Was meinst du mit Billigheimer? Habe ich nie geschrieben.

der zweite der Taiga
Als hätte ich es geahnt :12: , der Taiga ist genau eines der Modelle von denen man nur schlechtes liest. Also schlecht in Hinsicht auf die Dauerhaftigkeit der Membran.

Eine der ganz wenigen Marken die wirklich ultrarobuste Jacken herstellen, heutzutage.
Gabs früher auch mal von anderen Herstellern in der Outdoorbranche, aber die sind auf dem Ultralight Trip, da leidet die Haltbarkeit.
Du mußt sehr lange suchen etwas vergleichbares wie die Swazi zu finden, wahrscheinlich aber aussichtslos.
Eine Wapiti gibts aber nicht mit Fleece für 300€. :26:
Mir wäre sie zu lang, ist wie so vieles Geschmackache.
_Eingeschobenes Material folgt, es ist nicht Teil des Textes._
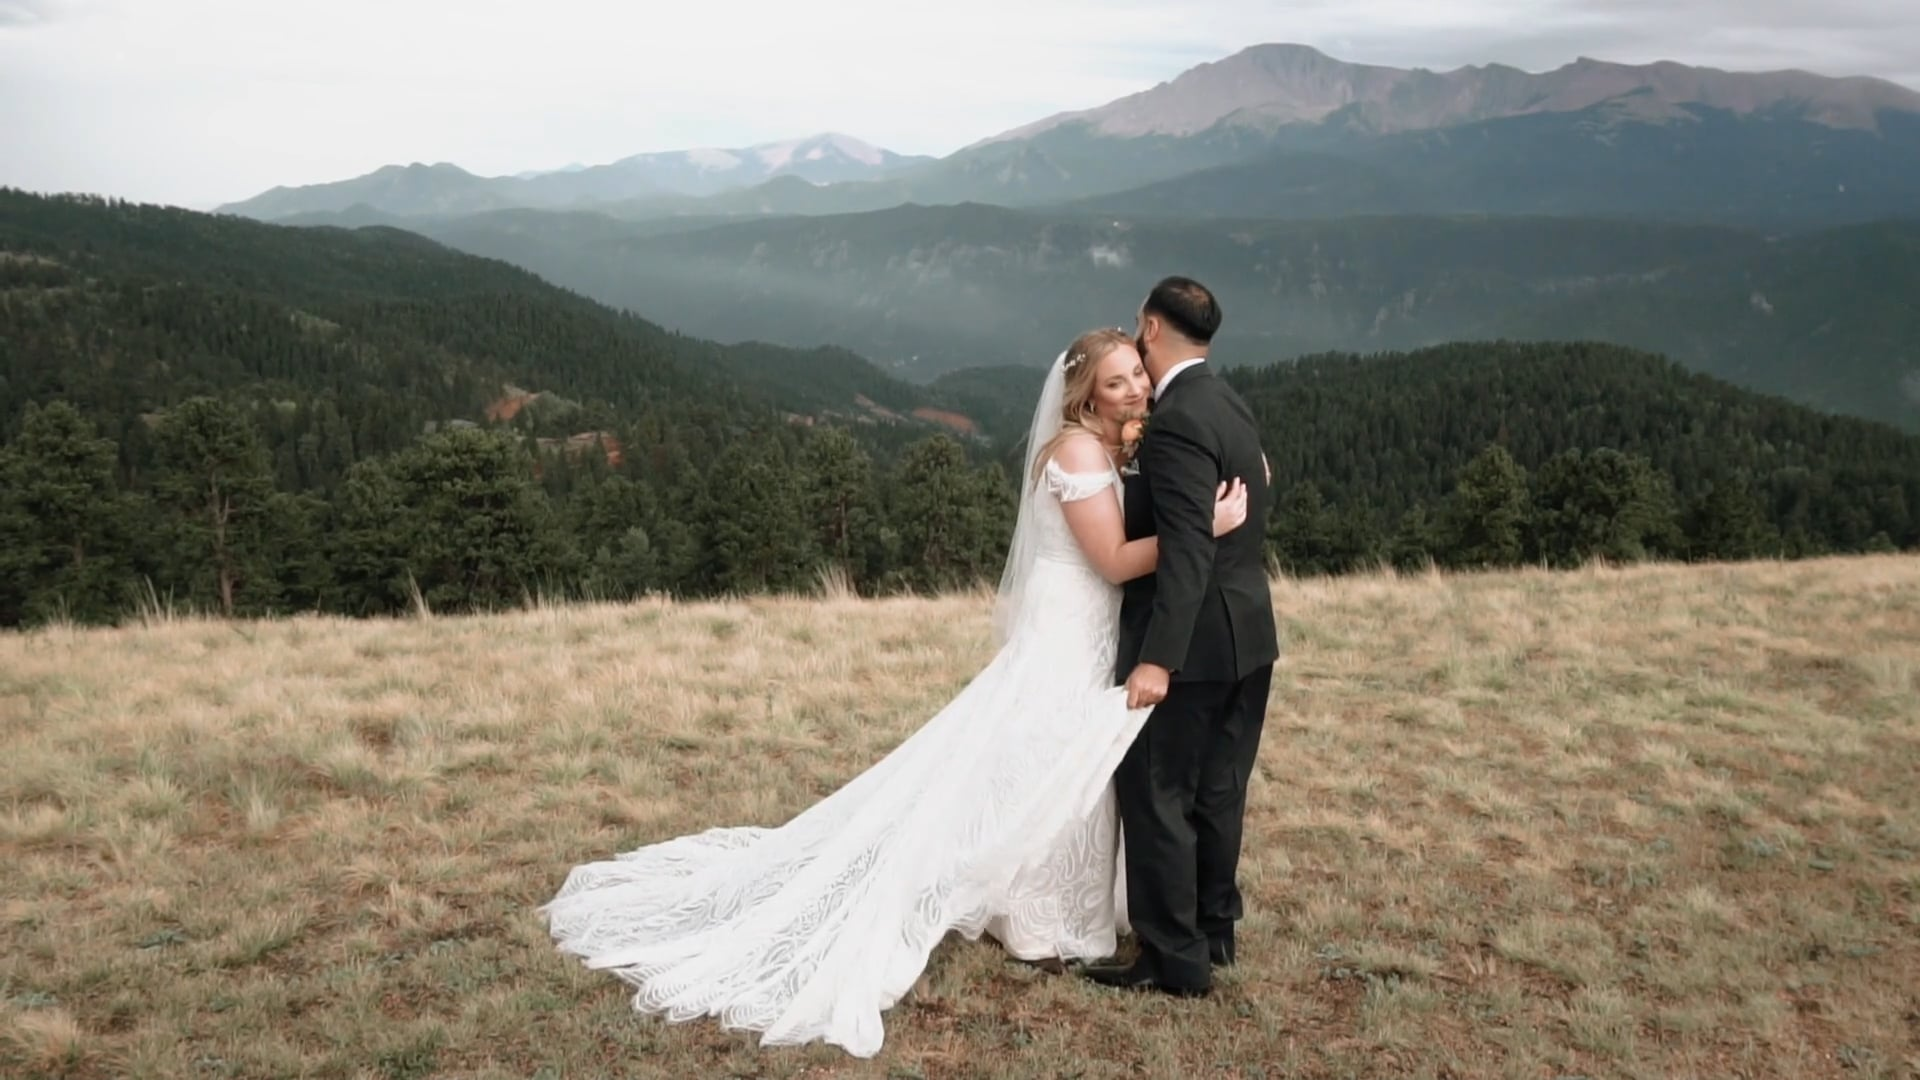 Woodland Park Wedding Video - Carly & Corey
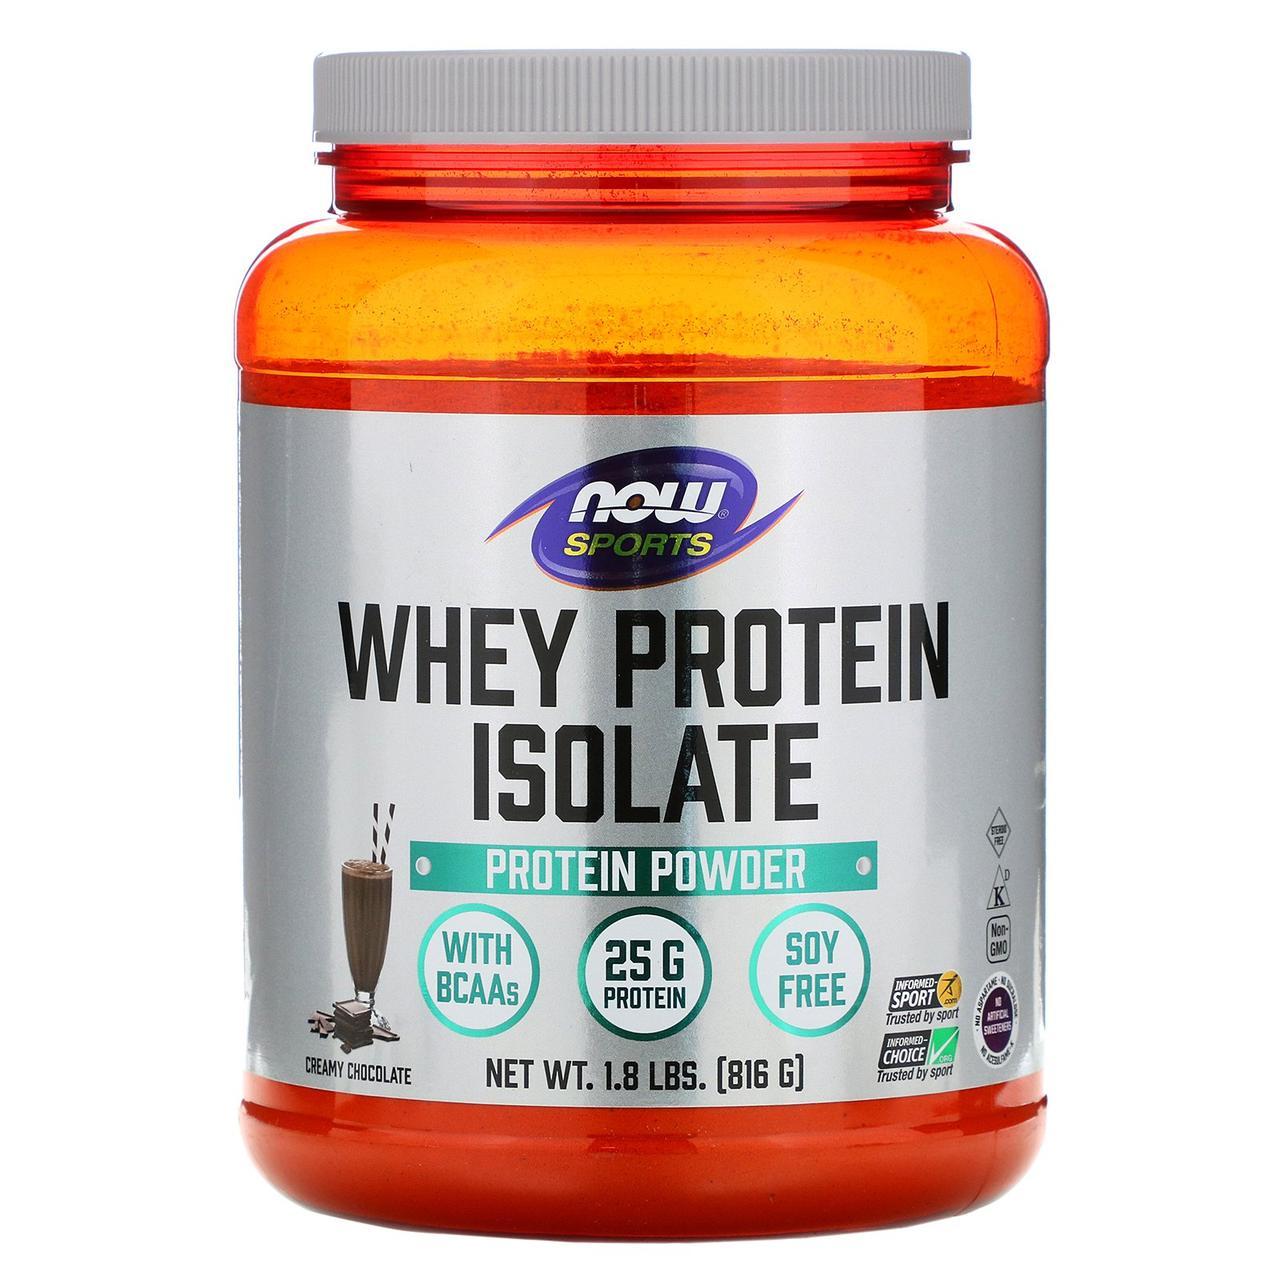 Сывороточный протеин изолят, Whey Protein Isolate, Now Foods, 816 г

Wo bekommt man die Wapiti bei uns? Eben.
Versand aus Neu Seeland.
500 US$ plus 20 % Märchensteuer, plus Fracht, plus Zoll, für einen Jacke die man noch nie in der Hand hatte.
Wer etwas sehr ordentliches sucht kauft bei Swedteam und Härkila schon richtig.
Aber, nicht besonders billig. Jacken zwischen 400 und 500€.